11 Things We All Do On Holiday

I’m sure you’re aware from my shameless Instagram binge-uploads and sickening Twitter smugness that I recently spent a few days sunning it up in Corfu. Hannah and I spent our time doing, well, pretty much nothing, which was a welcome break from work deadlines and new house dramas. We lounged by the pool, drank our body-weight in diet Pepsi and watched crappy TV in bed whilst nursing tiny cups of tea – it was the ultimate relaxation break, and I’m very very happy about that (despite being burnt to an absolute crisp).
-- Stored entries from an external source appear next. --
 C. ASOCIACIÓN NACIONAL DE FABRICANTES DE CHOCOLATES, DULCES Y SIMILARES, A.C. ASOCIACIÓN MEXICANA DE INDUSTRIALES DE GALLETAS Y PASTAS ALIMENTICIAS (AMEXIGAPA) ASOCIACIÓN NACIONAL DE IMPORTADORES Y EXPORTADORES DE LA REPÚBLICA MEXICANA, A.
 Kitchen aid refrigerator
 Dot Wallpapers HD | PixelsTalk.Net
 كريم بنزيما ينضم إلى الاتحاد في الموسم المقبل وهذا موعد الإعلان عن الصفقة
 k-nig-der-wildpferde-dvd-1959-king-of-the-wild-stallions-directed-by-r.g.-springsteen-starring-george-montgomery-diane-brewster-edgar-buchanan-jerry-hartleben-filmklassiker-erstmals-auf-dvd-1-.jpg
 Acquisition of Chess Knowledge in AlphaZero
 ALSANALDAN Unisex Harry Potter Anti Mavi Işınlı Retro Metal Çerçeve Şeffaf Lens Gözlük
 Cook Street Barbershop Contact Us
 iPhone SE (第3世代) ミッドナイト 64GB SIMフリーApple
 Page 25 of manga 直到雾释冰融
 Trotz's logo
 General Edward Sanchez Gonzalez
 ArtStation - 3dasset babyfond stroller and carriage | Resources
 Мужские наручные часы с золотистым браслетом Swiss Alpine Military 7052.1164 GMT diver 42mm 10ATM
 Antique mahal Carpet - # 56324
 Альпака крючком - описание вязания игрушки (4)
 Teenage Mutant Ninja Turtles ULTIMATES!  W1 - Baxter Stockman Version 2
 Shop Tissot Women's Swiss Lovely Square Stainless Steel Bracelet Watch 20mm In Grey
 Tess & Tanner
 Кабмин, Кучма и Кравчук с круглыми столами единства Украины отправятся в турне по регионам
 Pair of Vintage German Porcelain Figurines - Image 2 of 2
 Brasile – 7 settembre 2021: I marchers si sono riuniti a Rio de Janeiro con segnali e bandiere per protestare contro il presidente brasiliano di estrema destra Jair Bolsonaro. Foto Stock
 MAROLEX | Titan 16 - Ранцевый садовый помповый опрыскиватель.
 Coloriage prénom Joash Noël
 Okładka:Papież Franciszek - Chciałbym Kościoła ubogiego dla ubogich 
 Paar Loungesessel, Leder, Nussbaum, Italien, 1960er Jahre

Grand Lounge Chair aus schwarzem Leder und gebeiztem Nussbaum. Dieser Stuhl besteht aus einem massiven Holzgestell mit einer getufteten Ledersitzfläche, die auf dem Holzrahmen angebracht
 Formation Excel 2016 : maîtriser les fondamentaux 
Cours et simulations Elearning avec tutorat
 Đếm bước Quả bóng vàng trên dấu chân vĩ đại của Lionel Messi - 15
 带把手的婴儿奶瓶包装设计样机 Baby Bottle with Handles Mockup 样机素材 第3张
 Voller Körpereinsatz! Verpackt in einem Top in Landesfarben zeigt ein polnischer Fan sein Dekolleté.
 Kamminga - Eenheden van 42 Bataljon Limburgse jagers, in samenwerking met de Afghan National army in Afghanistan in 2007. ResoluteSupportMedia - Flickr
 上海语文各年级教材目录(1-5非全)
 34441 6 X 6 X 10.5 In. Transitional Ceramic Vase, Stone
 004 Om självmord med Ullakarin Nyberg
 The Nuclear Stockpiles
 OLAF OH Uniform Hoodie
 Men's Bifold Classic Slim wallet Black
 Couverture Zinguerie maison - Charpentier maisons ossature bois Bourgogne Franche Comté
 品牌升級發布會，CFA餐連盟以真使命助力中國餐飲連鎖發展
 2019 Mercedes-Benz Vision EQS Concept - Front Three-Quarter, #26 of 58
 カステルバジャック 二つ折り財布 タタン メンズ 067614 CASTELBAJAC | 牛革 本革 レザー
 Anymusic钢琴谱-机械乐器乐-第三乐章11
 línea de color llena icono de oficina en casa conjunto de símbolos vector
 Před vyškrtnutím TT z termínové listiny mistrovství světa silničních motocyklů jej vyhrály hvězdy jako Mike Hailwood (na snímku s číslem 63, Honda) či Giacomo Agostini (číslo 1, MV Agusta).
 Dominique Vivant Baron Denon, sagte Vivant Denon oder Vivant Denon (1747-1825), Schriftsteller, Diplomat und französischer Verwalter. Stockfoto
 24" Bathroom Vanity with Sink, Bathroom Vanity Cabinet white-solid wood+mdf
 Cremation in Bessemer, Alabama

One of the things we lolled about is the things we all seem to do on holiday, my favourite of which is the unwelcome and terrifying thought that you might be a crime-mogul without knowing it and, as you approach airport security, that you’re sure to be found out. In the spirit of things I’ve picked out 10 other things we all seem to do on holiday, all equally as laughable and bizarre in their nature. Pop your faves in the comments below or find me over on social @chloeplumstead, and if you’re heading off on holiday any time soon, ENJOY!

Jumpsuit – ASOS
Shoes – ASOS

Sunglasses – Sunglasses Shop

 1. Overpack…“Five evening outfits for a three night trip isn’t too much, right? I mean, I need to have choices…” Overpacking is a rite of passage for any holiday, especially if you’re a blogger and you’re looking to get those Pinterest-worthy outfit pictures whilst you’re away. God Forbid you should miss a content opportunity, after all. Somehow I always overpack the least practical things ever – this trip, for example, I had four pairs of shoes and four pairs of sunglasses. I literally didn’t have enough days to wear them all, but they went in the suitcase nonetheless!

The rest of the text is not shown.